Healthcare IT News, TTA 26 Feb on the most recent Congressional hearings

Breaking: Stefano Pessina to near-double stake in Walgreens after Sycamore Partners takeover–reports

Another ‘go big or go home’ move by Signor Pessina. The Financial Times reports this afternoon from “people familiar with the matter” that Walgreens Boots Alliance chairman Stefano Pessina will nearly double his 17% stake in Walgreens to 30%, once the take-private sale to Sycamore Partners closes.

Sr. Pessina will be providing cash for the deal by voting 100% of his shares in favor of the transaction, then reinvesting all cash received. According to the FT, his current stake in the listed group is worth as much as $2.1bn which is a handsome chunk of change in this leveraged buyout–and also makes the LBO possible.
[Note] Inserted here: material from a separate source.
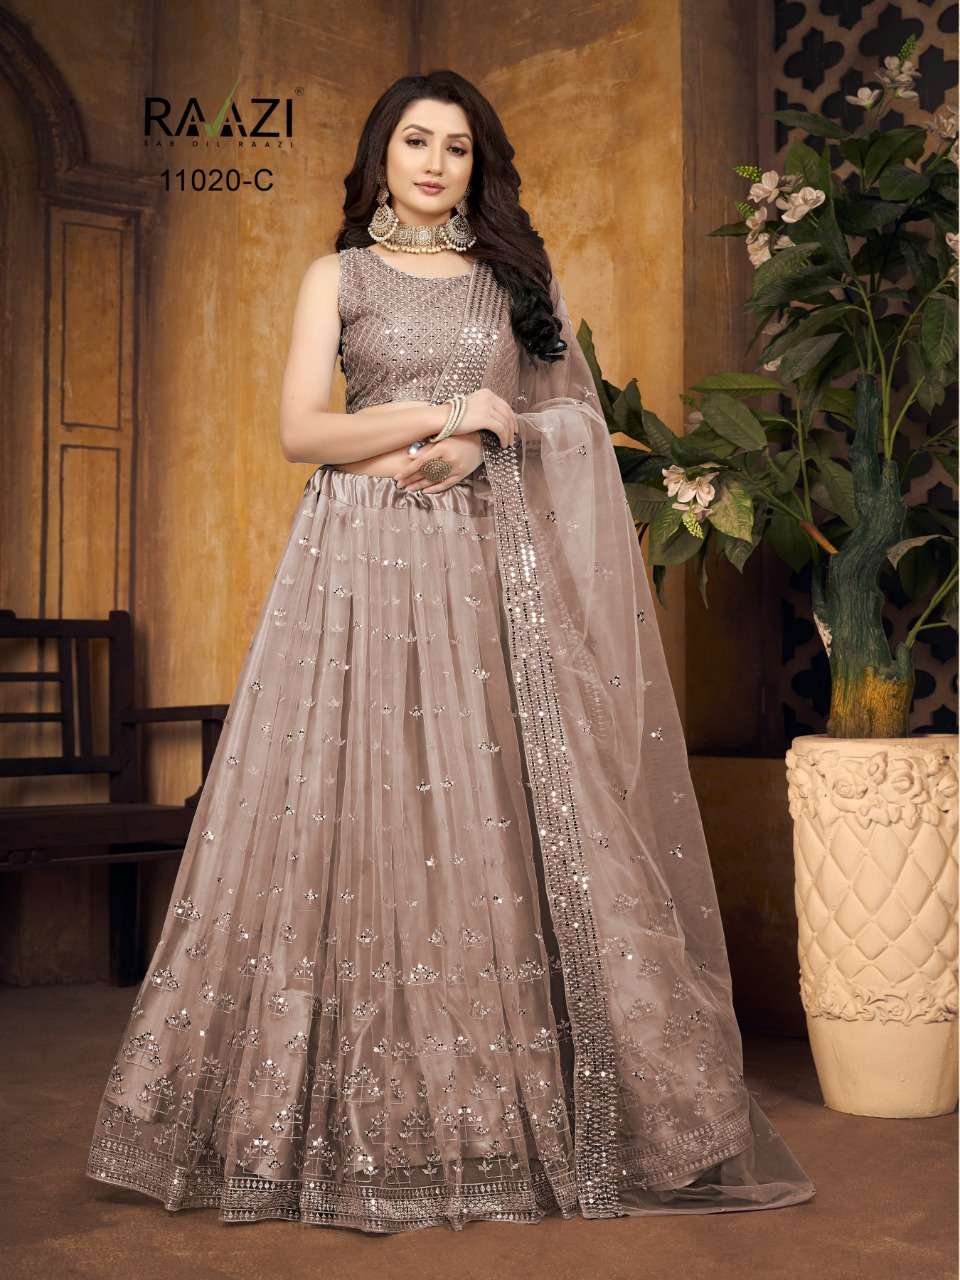 Mirror Magic 11020 Colours By Rama Fashion 11020-A To 11020-D Series Designer Beautiful Wedding Bridal Collection Occasional Wear & Party Wear Net Lehengas At Wholesale Price

A sale and take-private also benefits his spouse and business partner Ornella Barra, who heads up the WBA international business.

The $10 billion equity deal could be worth up to $23.7 billion if assets like VillageMD are divested, with the value of net debt, capital leases, and other items are figured in, along with spinoffs, closures, and carveups [TTA 11 Mar]. Those spinoffs are likely to include Boots in the UK, Shields Health Solutions in specialty pharmacy, other international operations, and even Walgreens’ US pharmacy business. Crain’s Chicago Business

The FT in an accompanying article points out that common shareholders are receiving a 63% bump on their current shares’ value. Bondholders who bought in better days, and saw their bonds fall to 65 cents on the dollar, may either have the bonds left outstanding or Sycamore may have to pay it off at par value.

One can only hope for Sr. Pessina that ‘go big or go home’ works out better here than it did with the buys of VillageMD and Summit Health/CityMD.

Editor’s note: expanding on an earlier comment that she offered to Walgreens in reviving a retail model, taking into account how shopping habits have changed even for those of us preferring to shop in person, and reaching out to those who are less able to shop or are far away:

  • Put in or run pharmacies and related health and beauty aids (HBA) sections/aisle in supermarkets, which are already expanding their pharmacy/HBA operations. This could be branded or ‘white label’. One stop shopping. Many supermarkets have their own (Stop & Shop, Publix), but many (e.g. Acme, many Shoprites) don’t have.
  • Create mobile delivery of prescriptions and HBA through mobile vans, pop-ups, and delivery services to homes, senior centers, FQHCs, clinics. Ordering would use voice, text, and online.